Voici ce que proposait le fond d'investissement de Viktor Kožený dans l'un des très nombreux messages publicitaires des fonds d'investissement à cette époque :

Viktor Kožený,  photo: ČT24
« Venez déposer vos 1 000 points et retirez, dès à présent, 3 000 couronnes en espèces. Cette offre est valable jusqu'à révocation. Prenez votre décision maintenant ! Les réformes économiques, ça fonctionne ! Le fond d'investissement Harvard : l'assurance de faire de bons investissements. »
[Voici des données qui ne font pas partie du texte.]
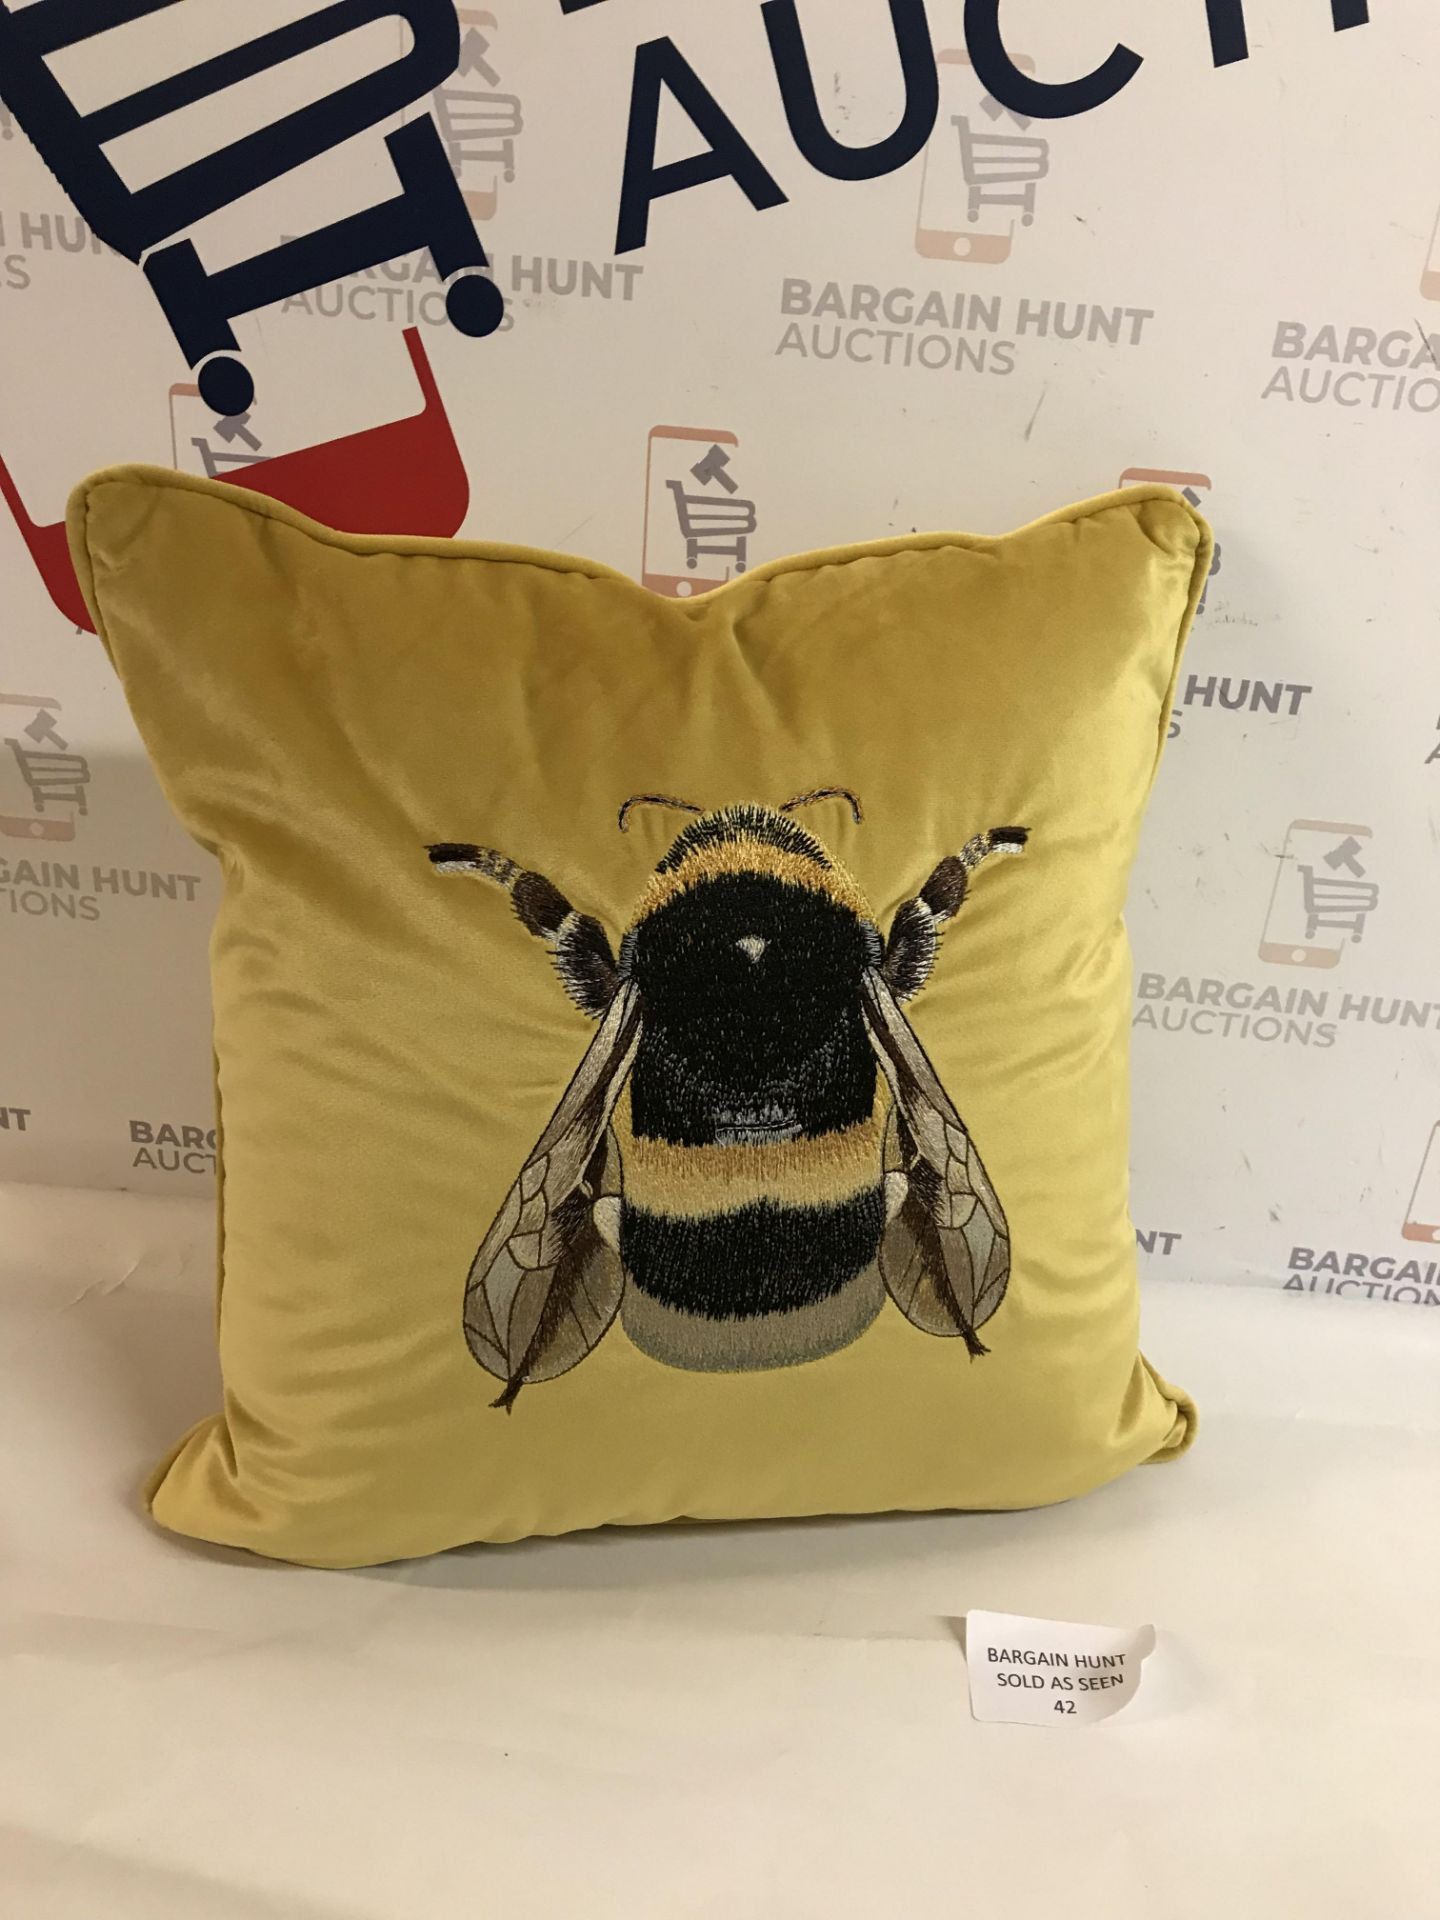 Lot 42 - Velvet Embroidered Bee Cushion

Cette offre alléchante, d'un fond d'investissement dont le nom à consonance anglo-saxonne pouvait à l'époque sembler rassurant, rencontre un succès important. Les bons permettent à Viktor Kožený d'acquérir de nombreuses entreprises à un prix dérisoire. Il en retire toutes les liquidités et les met à l'abri dans des paradis fiscaux. Il vivrait aujourd'hui aux Bahamas et fait toujours l'objet d'un mandat d'arrêt international. Mais ce n'est pas le seul exemple d'escroquerie et nombreux sont ceux qui ont tenté de tirer avantage de ces privatisations, comme nous le rappelle Anne-Françoise Blüher :

« Il y avait sûrement des possibilités de profiter de ce système. Il y avait aussi d'autres fonds d'investissement qui ont proposé aux gens : ‘je vous achète ce carnet de coupons’, donc, comme je l'ai déjà dit, ça coûtait à peu près 1 000 couronnes. En échange, ils promettaient un gain de peut-être 10 000 couronnes à ces personnes, qui pensaient ainsi gagner beaucoup d'argent. Les gens à l'origine de ces fonds d'investissement étaient doués. Ils savaient bien qu'avec ces coupons, ils seraient capables d'acquérir des entreprises qui avaient beaucoup plus de valeur que les carnets qu'ils avaient précédemment achetés. Parce qu'ils avaient plus d'informations, qu'ils connaissaient mieux la valeur des entreprises, ils ont pu faire beaucoup de profits avec cette privatisation par coupons. »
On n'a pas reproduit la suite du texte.